Original residue Substitution
Ala              Gly, Ser
Arg              Lys
Asn              Gln, His
Asp              Glu
Cys              Ser
Gln              Asn
Glu              Asp
Gly              Ala, Pro
His              Asn, Gln
Ile              Leu, Val
Leu              Ile, Val
Lys              Arg, Gln, Glu
Met              Leu, Tyr, Ile
Phe              Met, Leu, Tyr
Ser              Thr
Thr              Ser
Trp              Tyr
Tyr              Trp, Phe
Val              Ile, Leu

[0029] A preferred embodiment of the polypeptides according to the invention is a Heliothis virescens USP which has the amino acid sequence of SEQ ID NO: 2.

[0030] The invention furthermore relates to antibodies which bind specifically to the abovementioned polypeptides or receptors. Such antibodies are produced in the customary fashion. For example, such antibodies can be raised by injecting a substantially immunocompetent host with an amount of a polypeptide according to the invention or fragment thereof which is effective for antibody production, and subsequently obtaining this antibody. Furthermore, an immortalized cell line which produces monoclonal antibodies may be obtained in a manner known per se. If appropriate, the antibodies may be labelled with a detection reagent. Preferred examples of such a detection reagent are enzymes, radiolabelled elements, fluorescent chemicals or biotin. Instead of the complete antibody, fragments may also be employed which have the desired specific binding properties. The term “antibody” as used in the present context therefore also extends to parts of complete antibodies, such as Fa, F(ab′)2 or Fv fragments, which are still capable of binding to the epitopes of the polypeptides according to the invention.

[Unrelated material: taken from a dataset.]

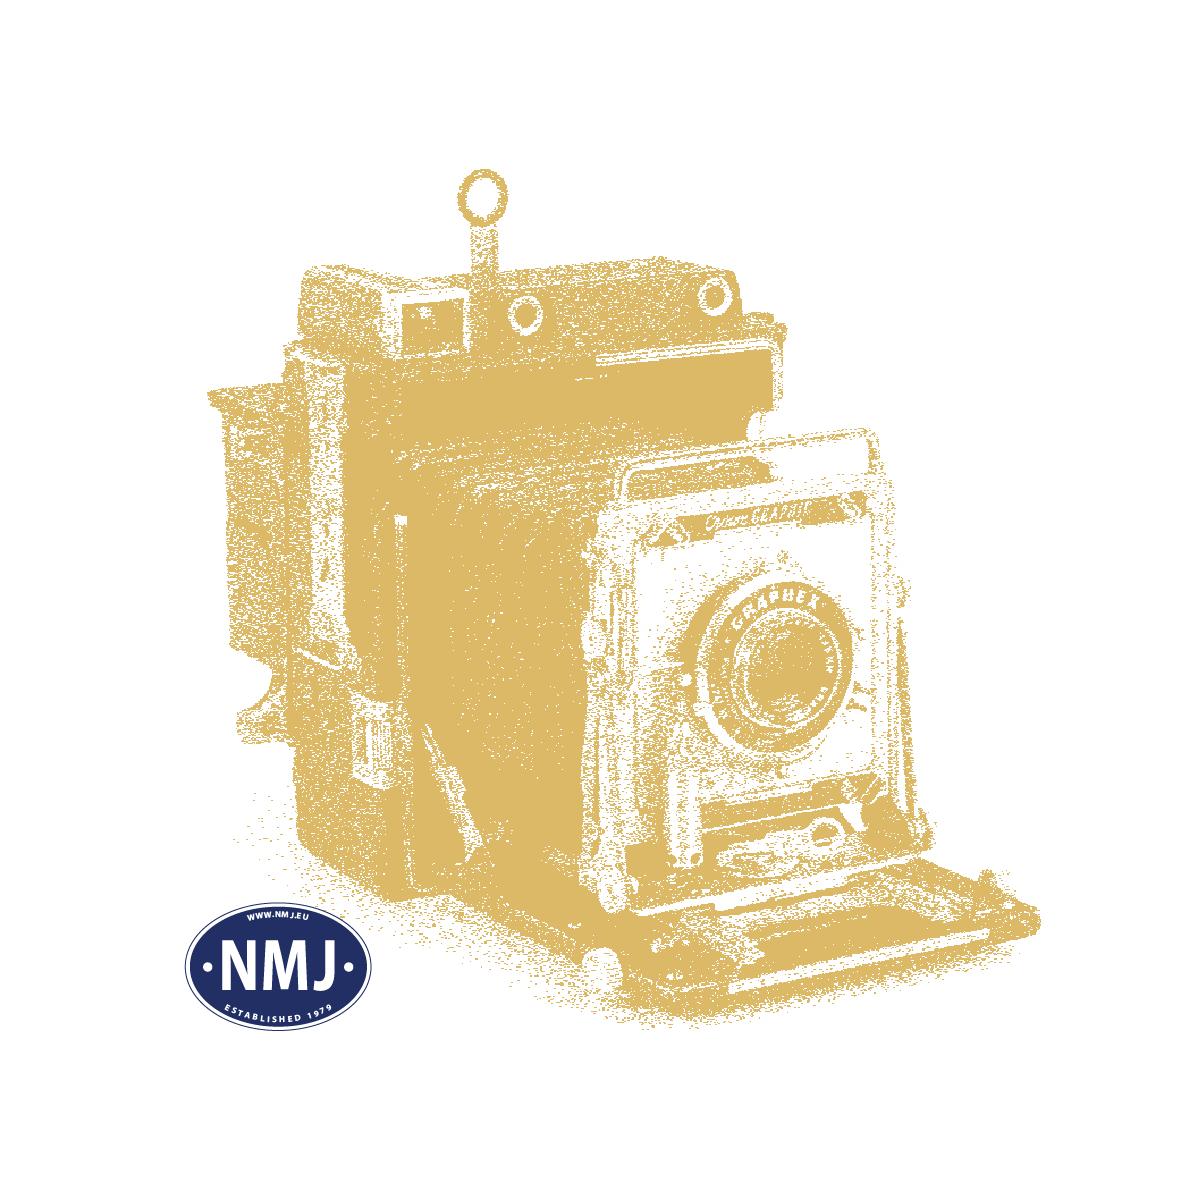 NMJT86.301AC - NMJ Topline NSB El11.2104, Red/Silver, AC Digital

[0031] In order to produce the polypeptides which are encoded by the nucleic acids according to the invention, host cells which contain at least one of the nucleic acids according to the invention can be cultured under suitable conditions. Then, the desired polypeptides can be isolated from the cells or the culture medium in the customary manner.

[0032] A rapid method of isolating the polypeptides according to the invention which are synthesized by host cells using a nucleic acid according to the invention starts with expressing a fusion protein, it being possible for the fusion partner to be affinity-purified in a simple manner. The fusion partner may be, for example, glutathione S-transferase. The fusion protein can then be purified on a glutathione affinity column. The fusion partner can be removed by partial proteolytic cleavage, for example at linkers between the fusion partner and the polypeptide according to the invention to be purified. The linker can be designed such that it includes target amino acids such as arginine and lysine residues which define sites for trypsin cleavage. Standard cloning methods using oligonucleotides may be employed to generate such linkers.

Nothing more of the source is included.